West of Scotland creates regional healthcare portal
An ambitious project to link the Orion Health portals in use at five West of Scotland health boards has just been completed; and is already delivering significant benefits to clinicians.
Scottish health boards covering a population of 2.2 million people can share patient information now that a two-year project to create a regional portal has been completed.
Five West of Scotland health boards are covered by the project to link their Orion Health portals, with NHS Dumfries and Galloway the latest to join in July.
Clinicians can now click on a simple link within their own health board’s portal to access the regional portal links, from where they can view test results and other information.
Nick Reed, a consultant in clinical oncology at the Beatson Oncology Centre in Glasgow, says this had already led to “huge improvements in communications and time savings.”
“You have the ability to access results, forms and correspondence in a speedy manner, which allows you to make decisions in clinics very quickly,” he says.
Working on a common goal
Scotland has had an eHealth strategy in place since 2011. As part of this strategy the West of Scotland deployed a clinical portal, with all boards converging on technology from Orion Health.
William Edwards, director of eHealth and HI&T at NHS Greater Glasgow and Clyde, says getting the governance right was vital. “You need to be clear about what problem you want to solve and then make sure that the governance is in place to solve it,” he says. “Without that, you will not get anywhere.”
Programme manager David Dougan says the project set out to make it easy for clinicians to find the information they wanted, while also addressing security and confidentiality issues.
“We have taken a simple approach,” he says. “So, for example, if a Greater Glasgow and Clyde clinician has a patient in front of them, there is an optional tab within the Greater Glasgow and Clyde portal called ‘Regional Portals’.
“If they click that, they are presented with an overview page, on which there are links to all the other health board portals they can access. If they select one of those links, it opens the portal and passes over the CHI Number (the Scottish national patient identifier) to search for a match.”
A huge step forward for clinicians
Consultant oncologist Nick Reed says the successful project has been “a huge step forward.” “As a cancer specialist, I work within a regional service, and between 55 and 60 per cent of our patients do not reside within the Greater Glasgow and Clyde catchment area,” he says.

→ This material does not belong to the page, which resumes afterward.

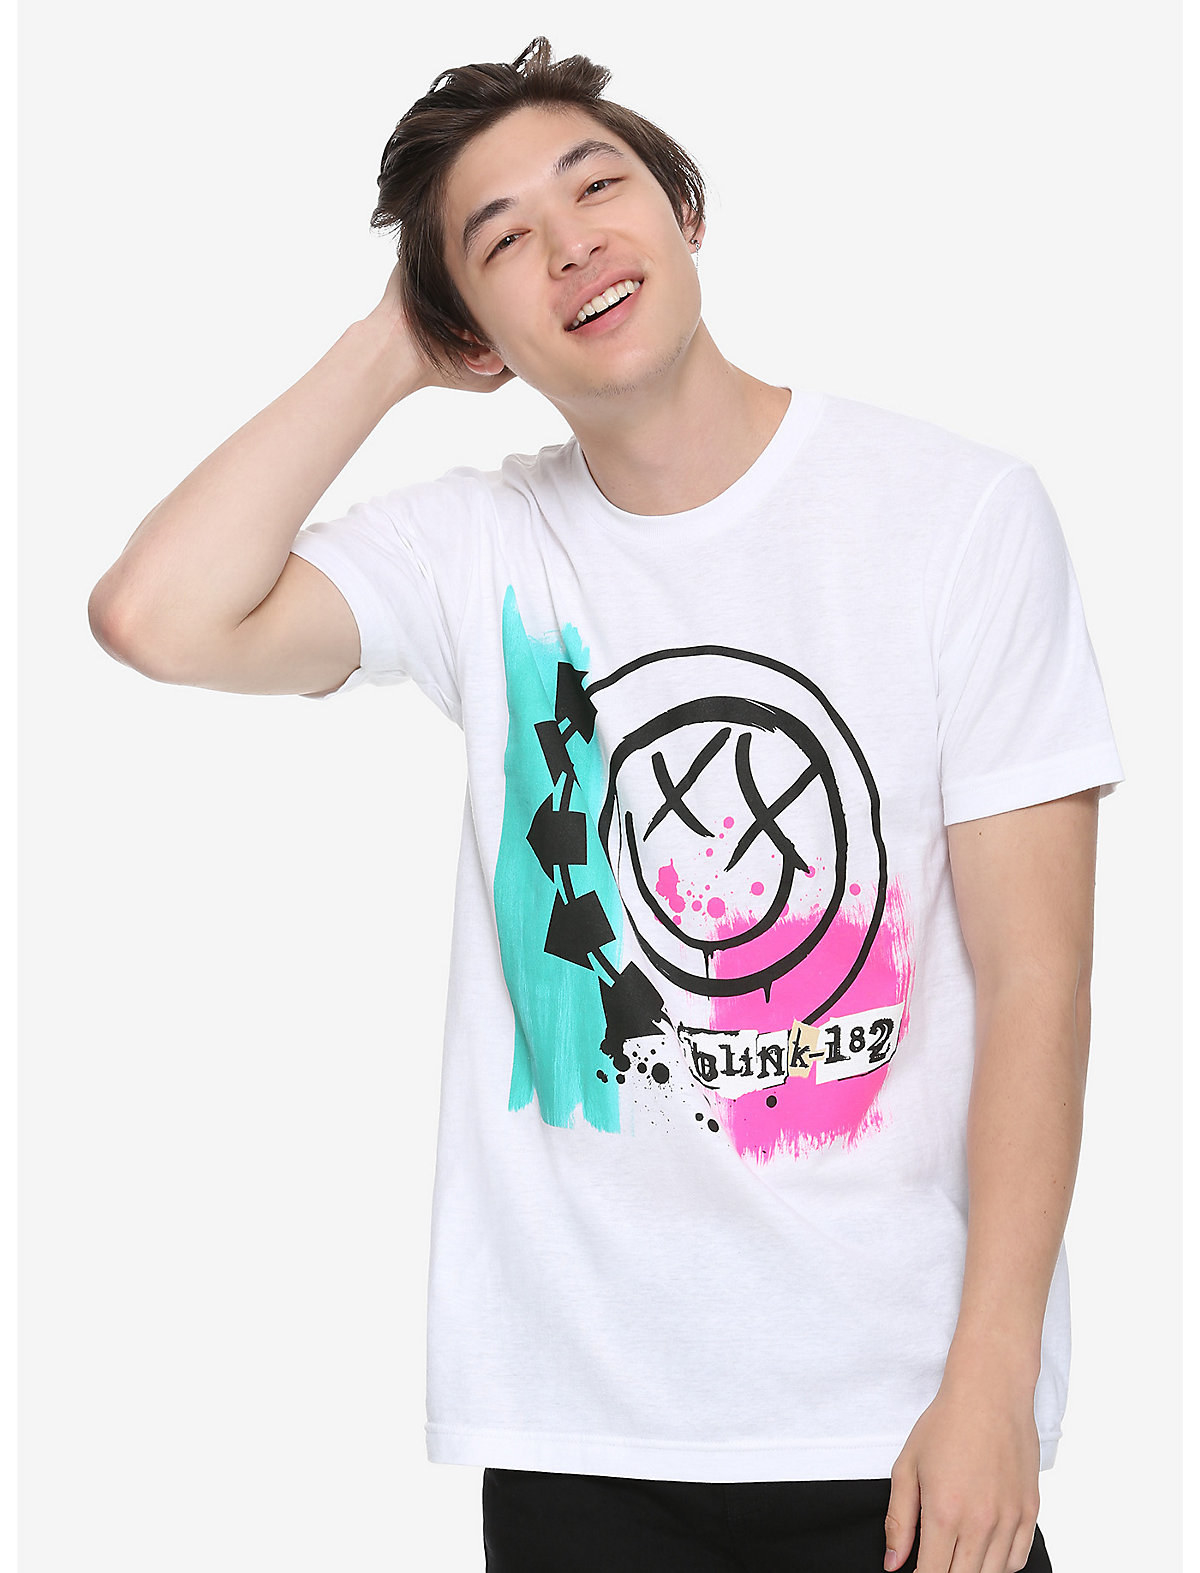 a model in a white tee with the blink-182 logo on it

“They come from surrounding health boards and, occasionally, if they have a very rare cancer, from other parts of Scotland. We could find some information for them by going into the SCI Stores (national information repositories) for the individual health boards.
“But the big advantages of the regional portal are that you don’t have to manage so many passwords and you can find additional information, such as clinical correspondence. It really is useful.

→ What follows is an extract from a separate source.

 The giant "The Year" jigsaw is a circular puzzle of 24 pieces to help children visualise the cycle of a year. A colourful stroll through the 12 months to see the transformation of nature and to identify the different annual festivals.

“If I am seeing a new patient, or a follow-up patient who has had investigations done, or a patient on chemotherapy, then I want to see their test results, and their scan results, and their treatment log. Now, I can do that without going in and out of the SCI stores, which is a huge benefit.”

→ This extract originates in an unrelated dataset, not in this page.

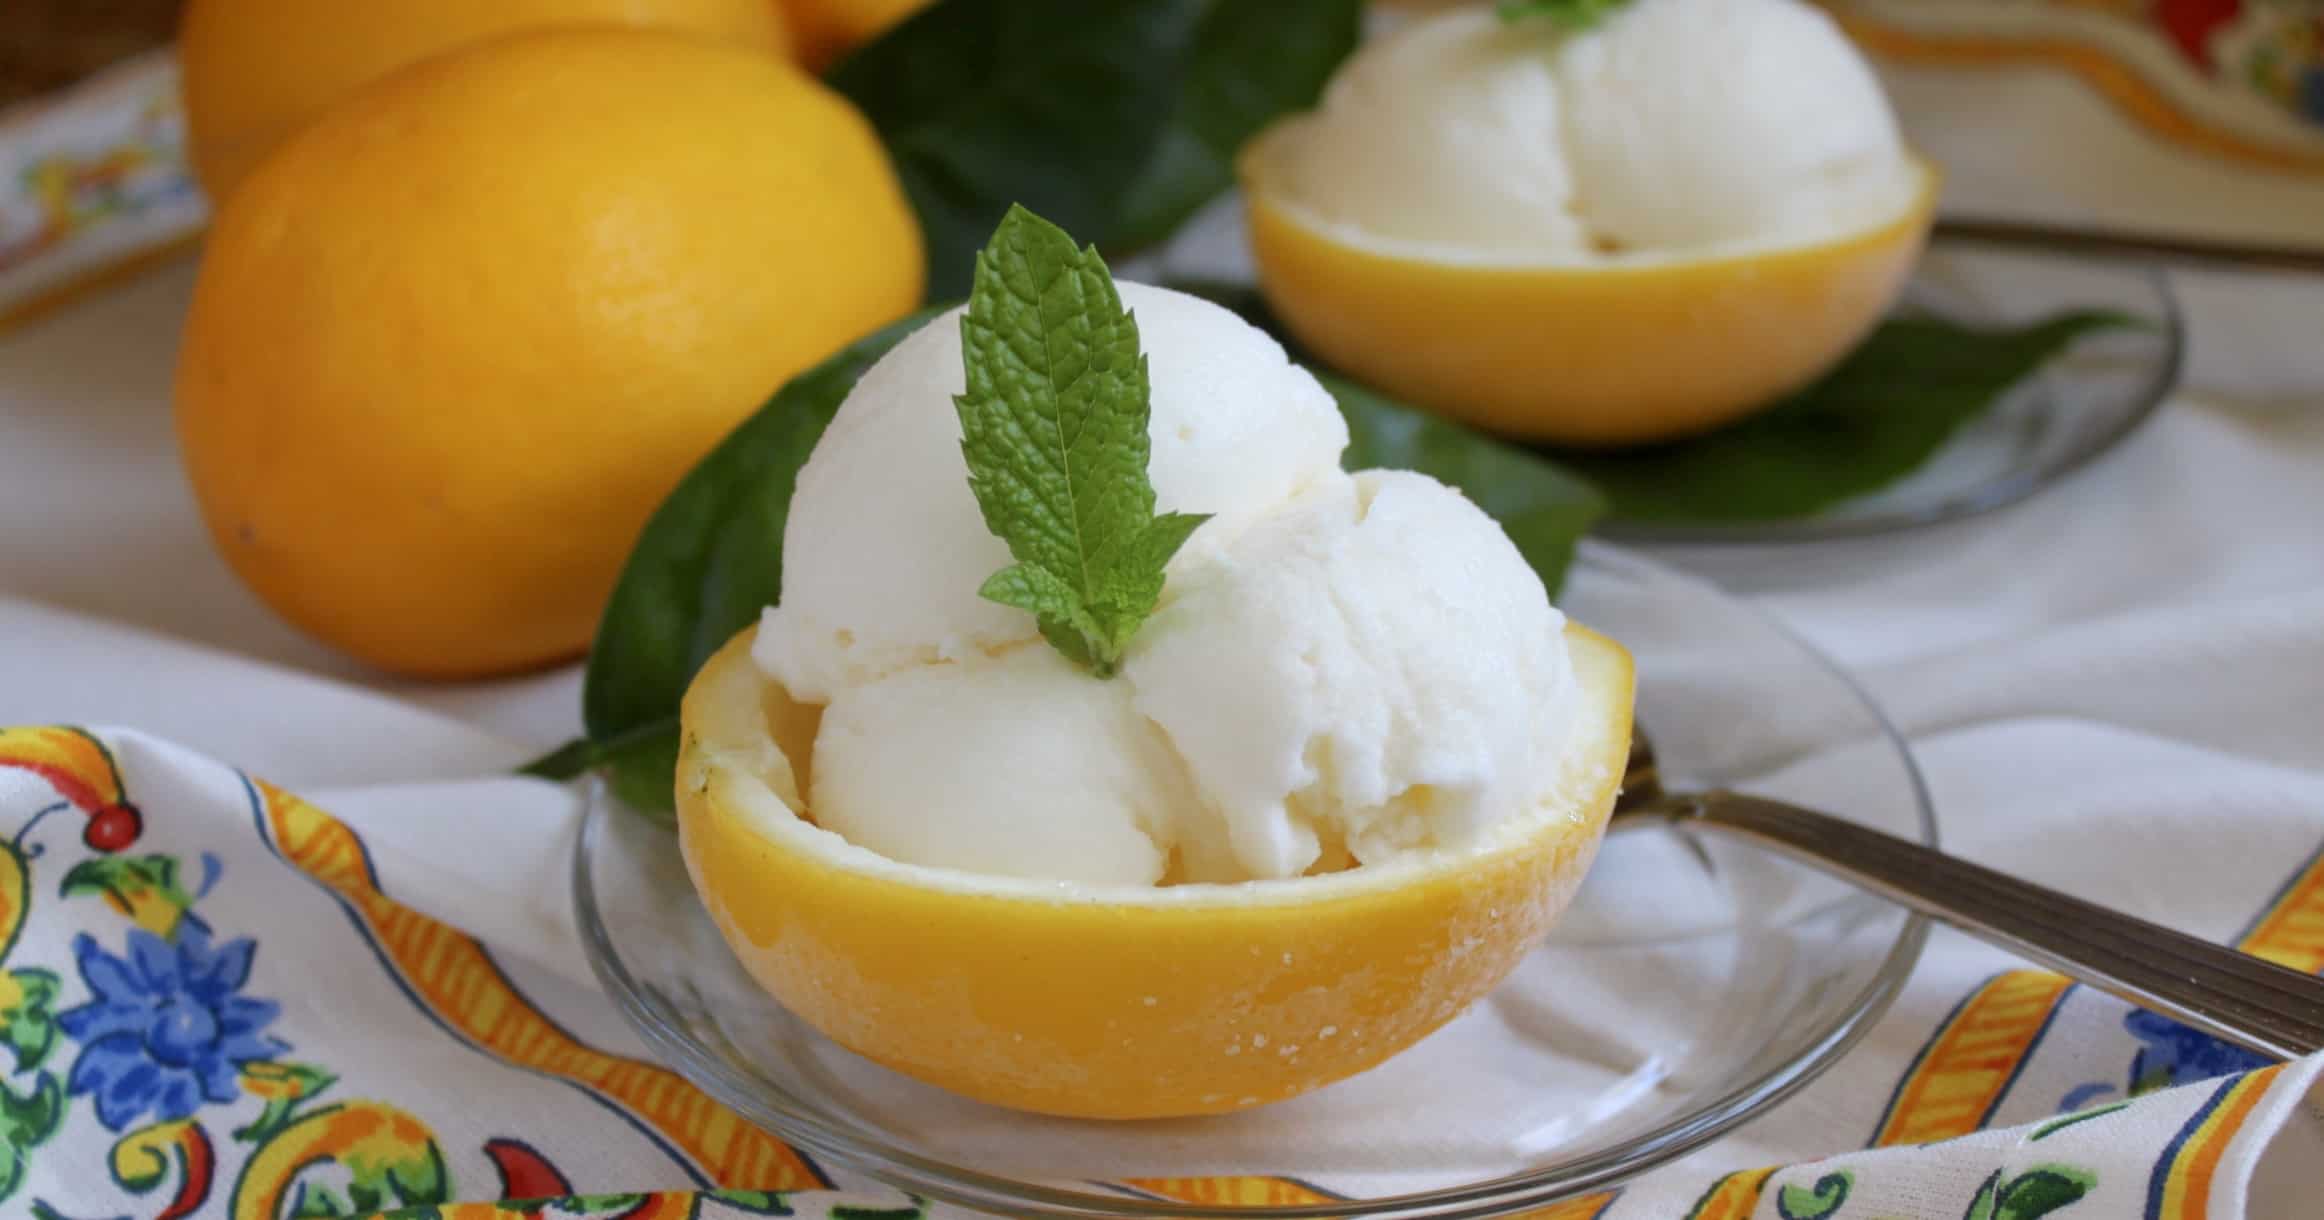 Lemons cut in half and filled with ice cream and topped with mint leaves as garnish on a clear glass plate with a spoon.

Research done ahead of the project underlines this point. It found that doctors could spend 70 minutes per day looking for information about patients; and the value of that time was almost £20,000 a year.
The same research found that if doctors couldn’t find the information they wanted, a third would work without it and a sixth would order additional investigations and tests; which also cost money, and could delay care.
The regional portal is being well-used; already, clinicians are accessing 3-4,000 cross board records every week, and there have been more than 50,000 log-ons so far this year. However, it could be extended further.
Nick Reed is all in favour. “If it can be extended, which I hope it can, to Lothian and Tayside and Grampian, then we will have achieved something that I doubt the English system will ever achieve, and that is a joined-up radiology system, with national PACS, and joined-up clinical portals.”